The plaintiff argued that the defendant had failed to satisfy those conditions and other conditions in the sub rule.

The plaintiff argued that the defendant’s application was an after thought, since it was made five months later, after the order of consolidation and after the period of appeal had expired.  Plaintiff argued that there was no evidence that an appeal would be rendered nugatory if the suits were heard in Nairobi as opposed to Kisii High Court, since the plaintiff’s pending application could have been filed whether or not there was an order for consolidation.

In response to plaintiff’s argument, defendant’s counsel argued that the defendant, did not have to satisfy Order 41 Rule 4 because that only applied to stay of execution, where as the defendant was seeking stay of suit.

Those were the arguments made before me.  The defendant’s argument that Order XLI Rule 4 does not apply to an application for stay of proceedings is not entirely correct.  Sub rule (1) of the Rule 4 provides in part.

“No appeal or second appeal shall operate as a stay of execution or proceedings under a decree or order appealed from except in so far as the court appealed from may for sufficient cause order stay of execution of such decree or order…..” (Underling mine)

It is clear that, that subsection covers an order.  Accordingly the defendant was required to show sufficient cause why stay should be granted.

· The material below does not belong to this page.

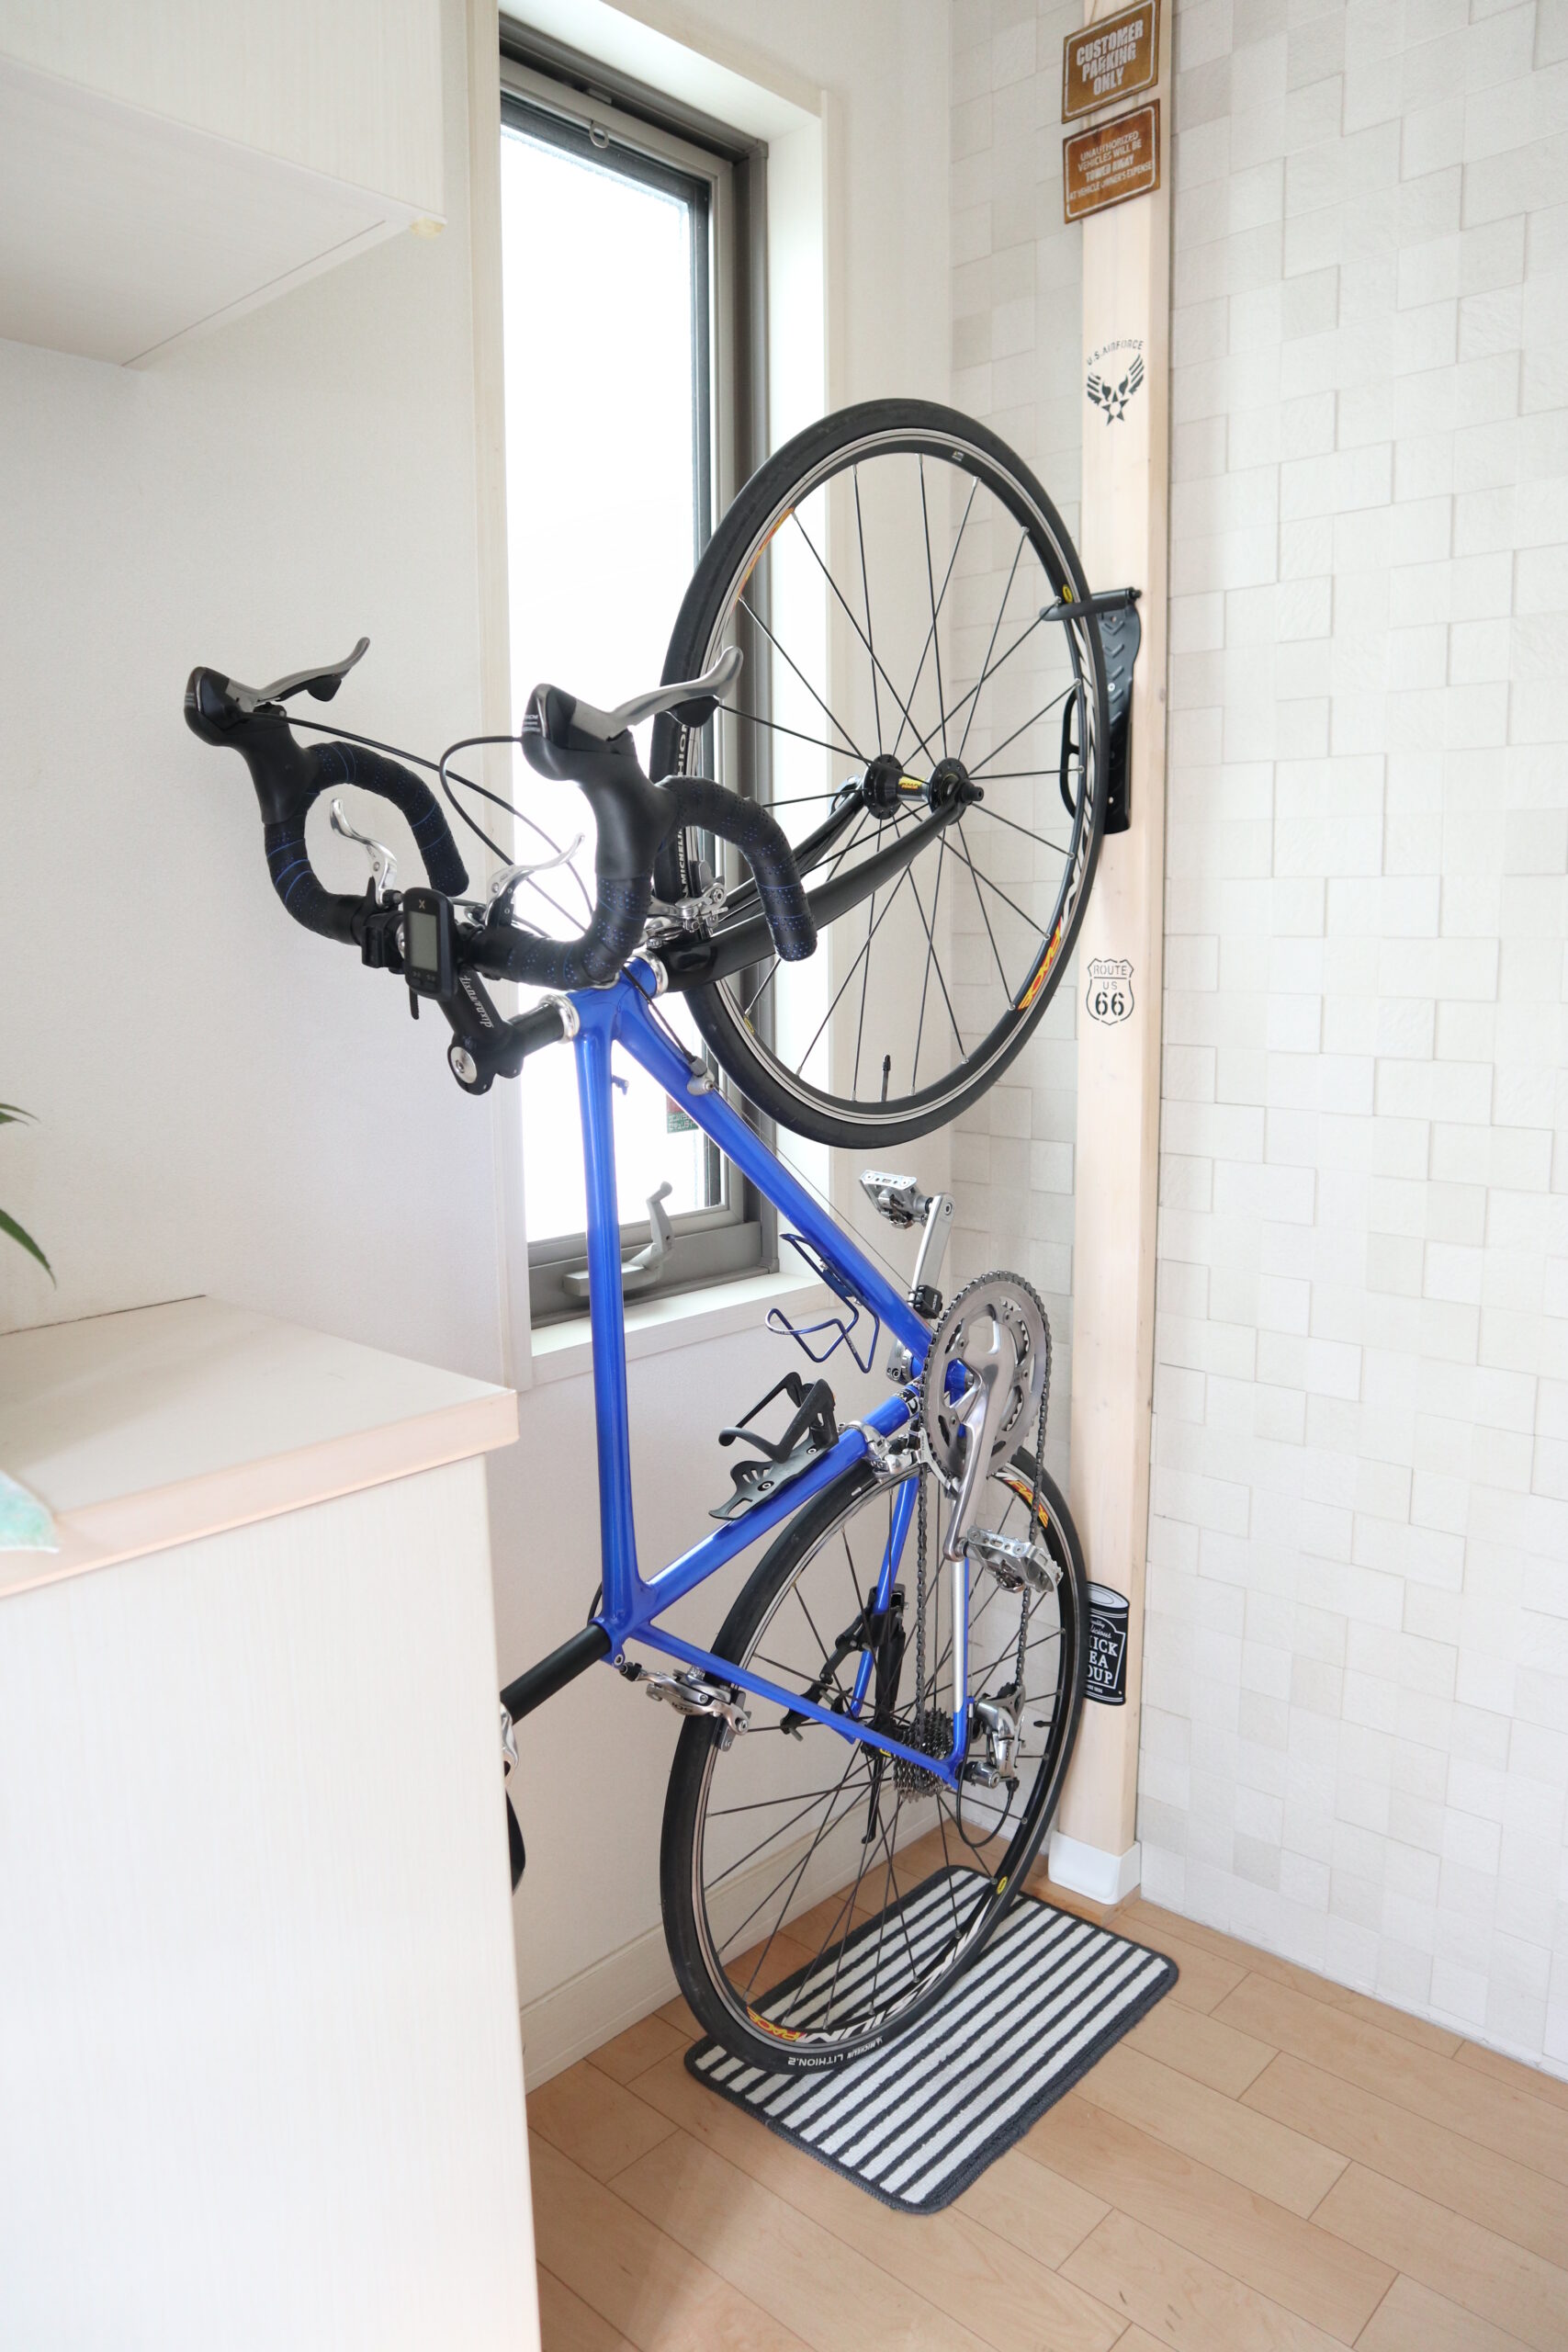 大好き 自転車壁掛けフック 自転車ハンガー バイクハンガー バイクスタンド 自転車ディスプレイ 壁 ディスプレイ ラック 自転車ホルダー  自転車スタンド 角度 調整 収納可能

The defendant argued that one of the reasons why stay should be granted was because the order of consolidation, made hereof, was in conflict with a previous order made in Kisii High Court.  That argument I refuse to consider because it was considered when this court ordered for consolidation of the suit.  On the issue that the parties are confused as a result of the order of consolidation in my view does not ‘hold water’. The ruling of 27th of April 2005 stated as follows: -

“Whether one party has a counterclaim and what will be the consequence of that counter claim at trial, I will    leave it to the trial judge.”

Indeed to follow from that statement, it is open to the parties to seek directions from the court on how the parties should proceed at trial.

On defendant’s argument on the provisions of Order 50 Rule 16, I accept that submission.  Order 50 rule 16 provides: -

“Any respondent who wishes to oppose any motion or other application shall file and served on the applicant a replying affidavit or a statement of grounds of opposition………..” (Underling mine)

The provisions thereof clearly show the respondent is permitted to file a replying affidavit, singular, or a statement of grounds of opposition.  The plaintiff respondent in this matter was not entitled to rely on an affidavit having relied on grounds of opposition.

On considering the grounds argued before me, the basis upon which the defendant sought the orders, hereof, I do agree with the plaintiff’s counsel, that the defendant failed to show how it would be adversely affected if the suits are heard in Nairobi rather than in Kisii.  I am of the view that the defendant’s submission, that the purpose of having two courts was to ensure the matters are heard by two different judges, cannot be acceptable and does not sufficiently sustain the application for stay.

I therefore find that the defendant has failed to show sufficient cause why the suit hereof should be stayed pending appeal. The application therefore dated 14th September is dismissed with costs being awarded the plaintiff, Kobil Petroleum Limited.

Dated and delivered this 17th day of November 2005.